What you need before you dive the Internet!

By

Senior couple at home using a laptop
Oliver Rossi/The Image Bank/Getty Images
November, 2013

There's much more to using the Internet than just having a computer.

For starters: 'surfing the internet' is a misleading description. It is really more like 'scuba diving the internet', with complexities of equipment, navigation, understanding the wildlife, and knowing which dark caves and unpleasant fish you want to avoid.

This first article focuses firstly on the equipment you''ll need to be a successful internet 'diver'. What follows is a list of required and optional web-browsing equipment.

Here is some good news as you browse the shopping lists below: if you use the internet from your work, many of these software items will be provided for you. Just be careful to know and follow your company's code of conduct and appropriate use when you browse the internet at your office.

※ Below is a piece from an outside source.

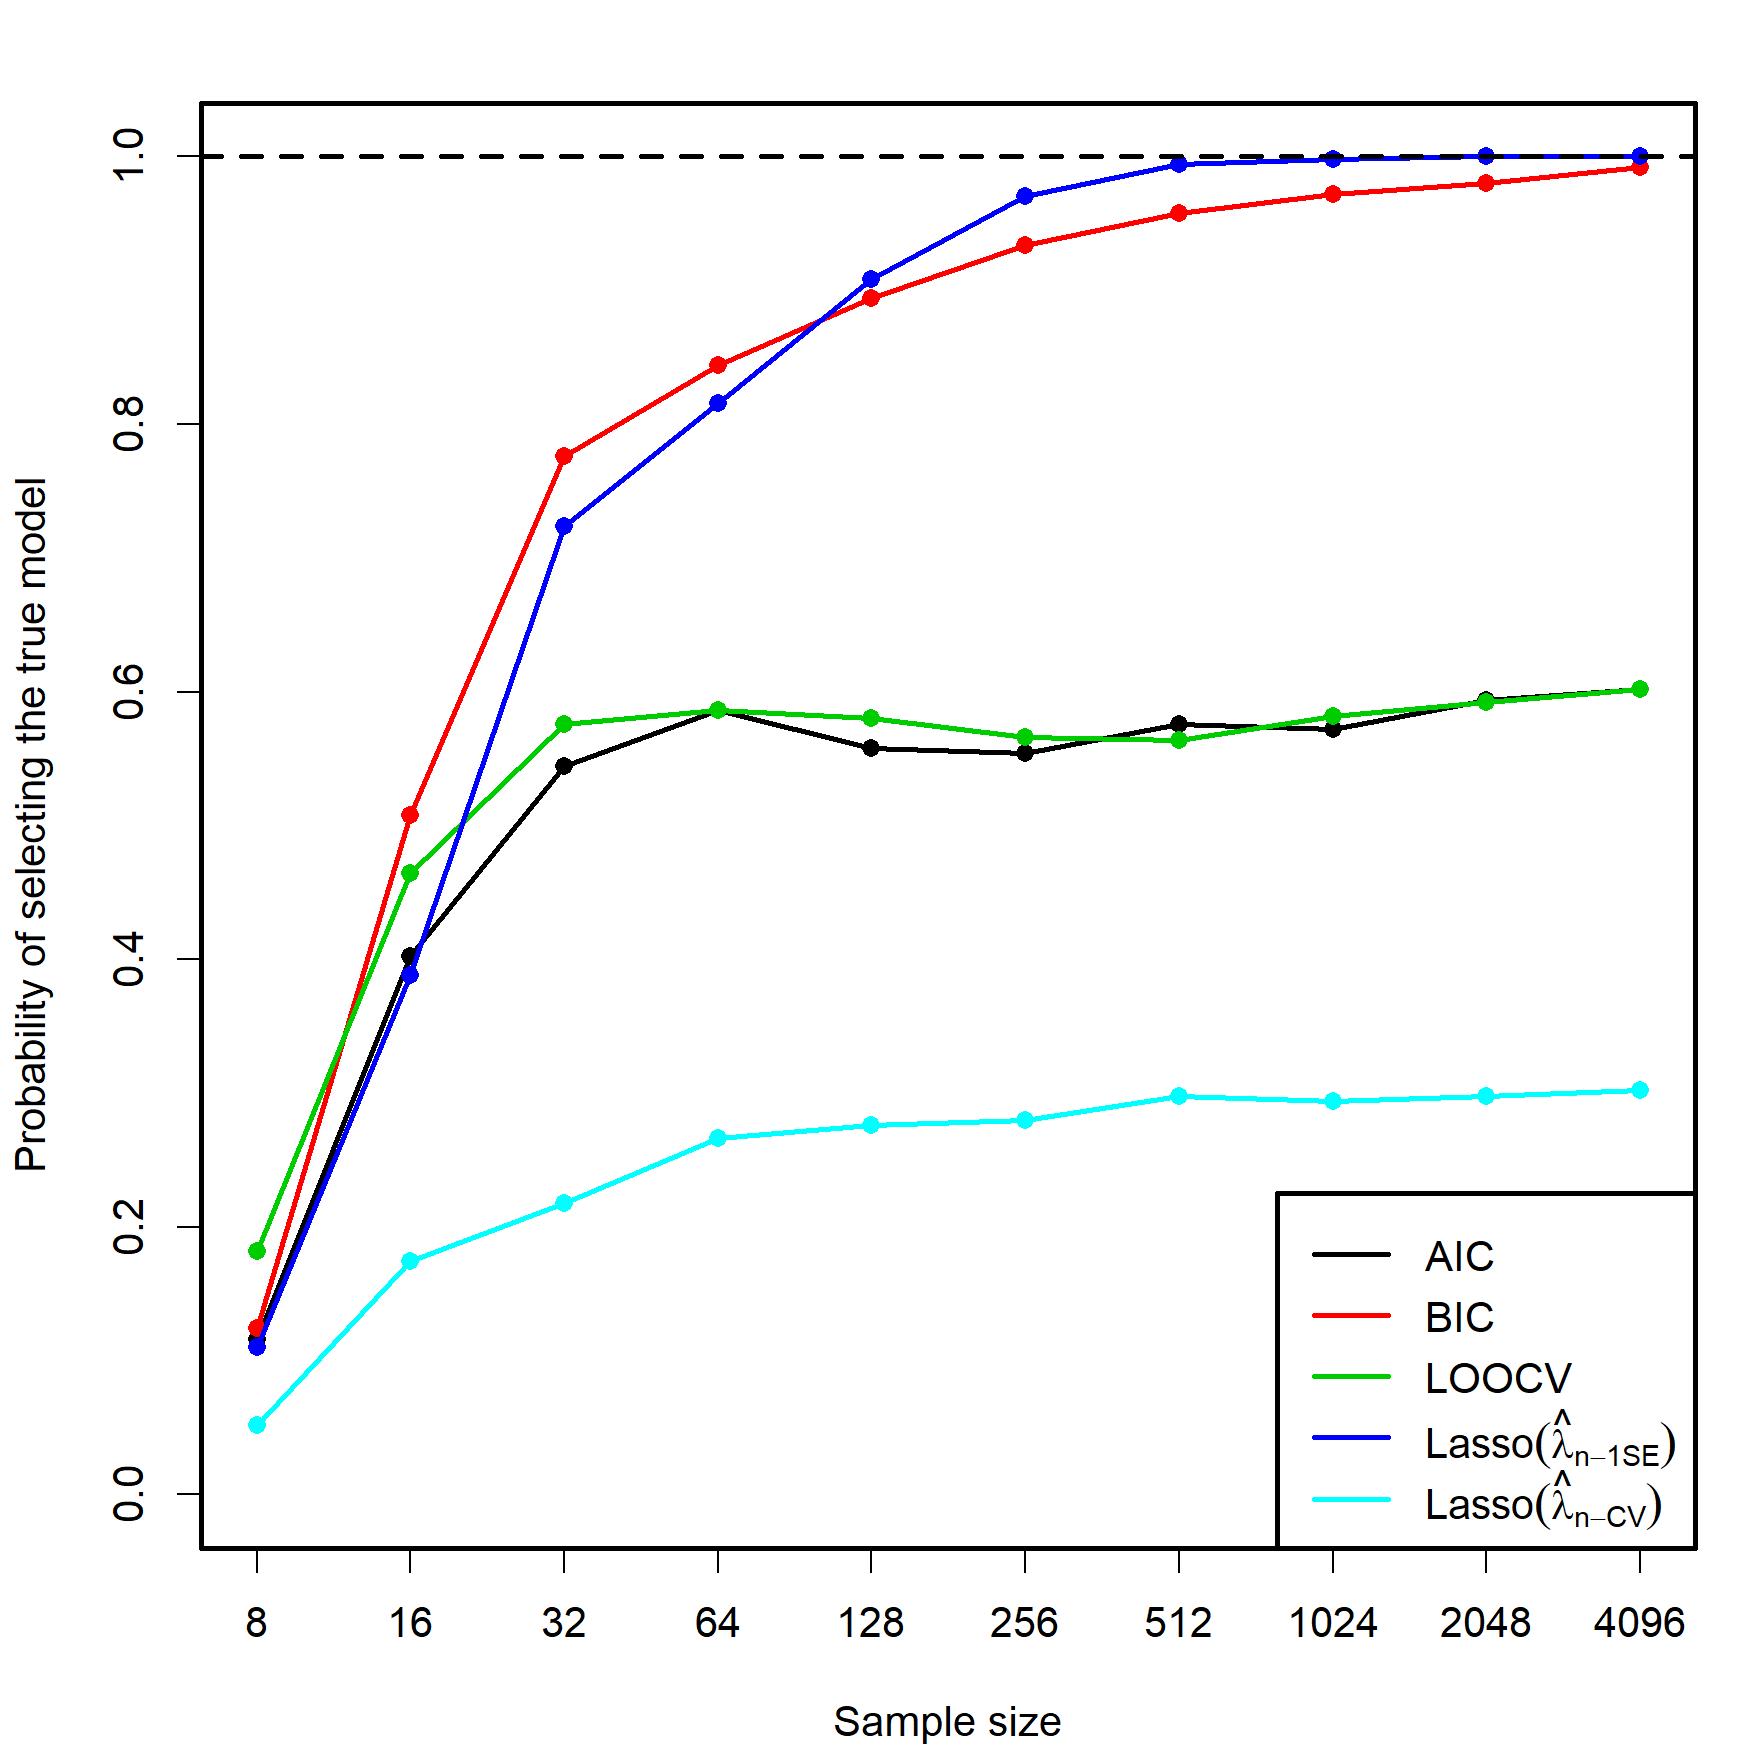 Estimation of the probability of selecting the correct model by lasso selection based on \(\hat{\lambda}_{n\text{-CV}}\) and \(\hat\lambda_{n\text{-1SE}},\) and by minimizing the AIC, BIC, and LOOCV criteria in an exhaustive search (see Figure 3.5). There are \(p=5\) independent predictors and the correct model contained two predictors. The probability was estimated with \(M=500\) Monte Carlo runs.

Internet User's Equiment Checklist

1. Computer or mobile device with internet connection. PC or Macintosh is fine, as is an Apple or Android tablet. You can also browse the Net with a WebTV, a Citrix or Sparc workstation, and even a Playstation console, if it is setup correctly. As you might know, there are coffee shop 'internet cafes' that will rent usage of connected computers to you.
2. Internet account with a connection provider. Often called 'ISP' (Internet Service Provider), these are usually phone or cable companies that charge you $20 to $80 USD a month for internet access. Note: if you browse the Net from work, your company eats this cost as part of their operations. They also will have rules for you to follow. If you browse from an internet cafe, you will need to pay perhaps $3 to $6 USD per hour.
3. Internet browser software. The most popular browers are Chrome by Google, Internet Explorer by Microsoft, and Safari by Apple. Other browser choices include: Firefox, AOL, and Opera.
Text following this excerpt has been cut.